Закончилось дело тем, что самые могущественные духовные владыки германские архиепископы Адальберт Бременский и Ганно Кельнский были провозглашены правителями, что должны были опекунствовать над малолетним королем. "Хотя на словах, – как отмечает хронист, – они были миролюбивыми, сердца их бились смертельной ненавистью друг к другу". Оба забыли о духовных обязанностях, отличались не святостью, а любовью к суете, сей служанке знатных. Оба, как сказано некогда о Ксерксе, намеревались перейти море и переплыть землю. Каждый чем дальше, тем яснее понимал, что превзойти своего соправителя можно только одним способом: забрать власть над малолетним императором. И вот, забывши о своем сане, выкрал Генриха сначала Ганно, пряча его от матери и от своего соперника, потом то же самое сделал Адальберт. Ганно пытался повлиять на Генриха суровостью, Адальберт, наоборот, уступчивостью. Тот угнетал молоденькую душу, выращивал в ней жестокость зверя, этот ее развращал и тоже пробуждал в ней наклонности бесчеловечные. Магдебургский клирик Бруно, не принадлежавший к сторонникам императора, сложил жизнеописание его детства и юности и вынужден был прибегнуть к словам неприятным. Дескать, Генрих испорчен был уже самим своим рождением, ибо лучше коль человек становится императором, нежели рождается им. Маленький император куда больше кичился знаками своей высшей власти и куда меньше старался достичь успехов в приобретении мудрости пред богом и людьми. Ганно слишком круто взялся за воспитание, руководствуясь словами писания, что царь ненаказанный погубит люди своя. И чего же добился? Когда Генрих, как пишет хронист, "переступил век простодушного детства и достиг юности, коя имеет такой простор для всего дурного, и когда, таким образом, увидел себя в том пункте, где самосская буква расходится в две стороны, он, оставляя без внимания ее правую, тесную и крутую линию, избрал для себя левую дорогу, широкую и удобную, уклонился решительно от стези добродения и вознамерился всецело отдаться своим страстям".

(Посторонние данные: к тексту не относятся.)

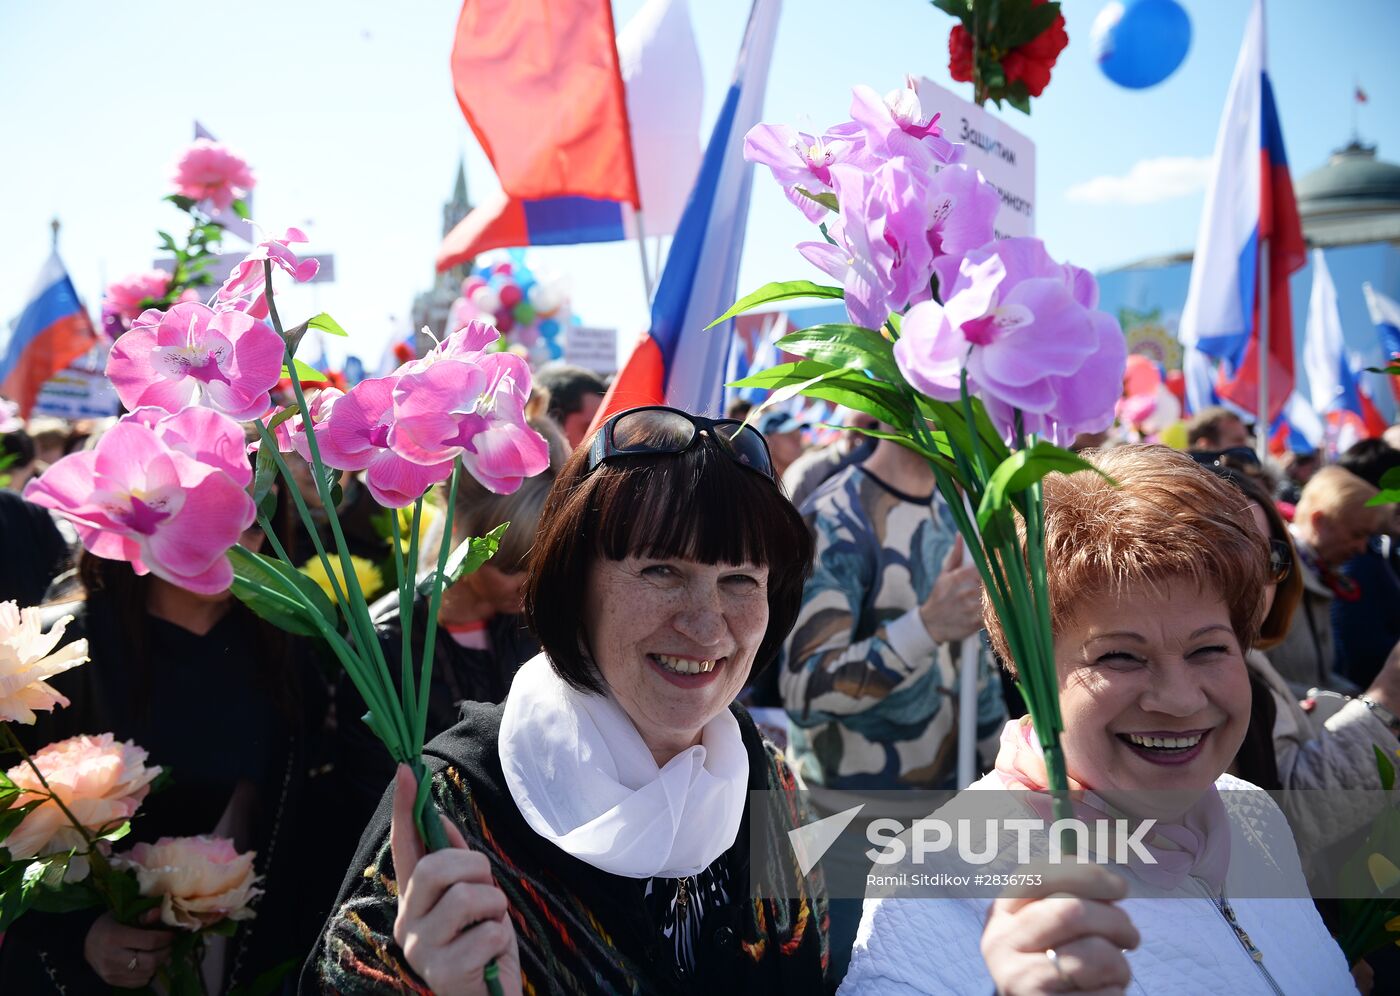 May 1 demonstration on Red Square

"Самосская буква" – ипсилон. С этой буквой Пифагор из Самоса сравнивал дорогу человеческой жизни: сначала общая дорога жизни, затем раздвоение: направо – тонкая и узкая линия добра, налево – широкий путь зла. Как видим, клирики уже в те времена увлекались пышными выражениями, особливо в случаях, когда вели речь о высших личностях в государстве.
Не пренебрегали и обыкновенным анекдотом. Так, тот же Бруно рассказывает: Адальберт Бременский на роскошные яства молодому императору израсходовал все свои запасы, и стольнику не на что было приготовить обед, и вот тогда архиепископ просто спрятался в капелле и сделал вид, что ревностно молится. Стольник начал стучать в дверь. Архиепископ, услышав стук, пал на пол, будто совсем уже в отрешенном от всего молитвенном рвении. Стольник, тихо войдя в капеллу, начал покашливать, чтобы обратить на себя внимание архиепископа. Тщетно. Тогда стольник распростерся рядом с Адальбертом и начал шептать тому на ухо: "Помолитесь, чтобы вам было что сегодня поесть, ведь пока нет ничего, что можно бы с честью поставить на ваш стол". Адальберт вскочил на ноги: "Дурень! Что ты наделал! Ты прервал мою беседу с богом! Если б ты видел хоть раз мою беседу с ангелами, как сподобился мой живописец Трансмунд, ты никогда бы не осмелился приблизиться ко мне в час молитвы!.."
Клирик Бруно не находит для Генриха ни единого сочувственного слова.
"К чему привык человек в детстве, – приводит он слова царя Соломона, – того не оставит и в старости!"
Люттихский епископ Отберт написал историю жизни Генриха, можно сказать, в противовес озлобленному канонику Бруно. Лишь говоря об архиепископах Адальберте и Ганно, он соглашается с клириком: "Самое худое – что они дали полную свободу юношеским увлечениям Генриха, вместо того чтобы хранить его душу, как за печатью".
Правда, тут же Отберт торопливо добавляет: "Став самостоятельным, Генрих осудил многое из своего прошлого и исправил то, что было возможно.
Начал преследовать вражду, насильство, хищничество".
И дальше об императоре говорит уже только так: "Он владел миром, бедные владели им, ему служил мир, а он – бедным".
Или: "В толпе князей он заметно выделялся над всеми и казался выше, а в грозных чертах лица сияло некое особое достоинство".
И еще: "Он видел, будто глазами рыси, у кого на сердце к нему лежала любовь, у кого – ненависть".
Не забыто и этакое: "Генрих внимательно слушал чужую речь, а сам говорил мало и, лишь выждав мысли других, высказывал свою".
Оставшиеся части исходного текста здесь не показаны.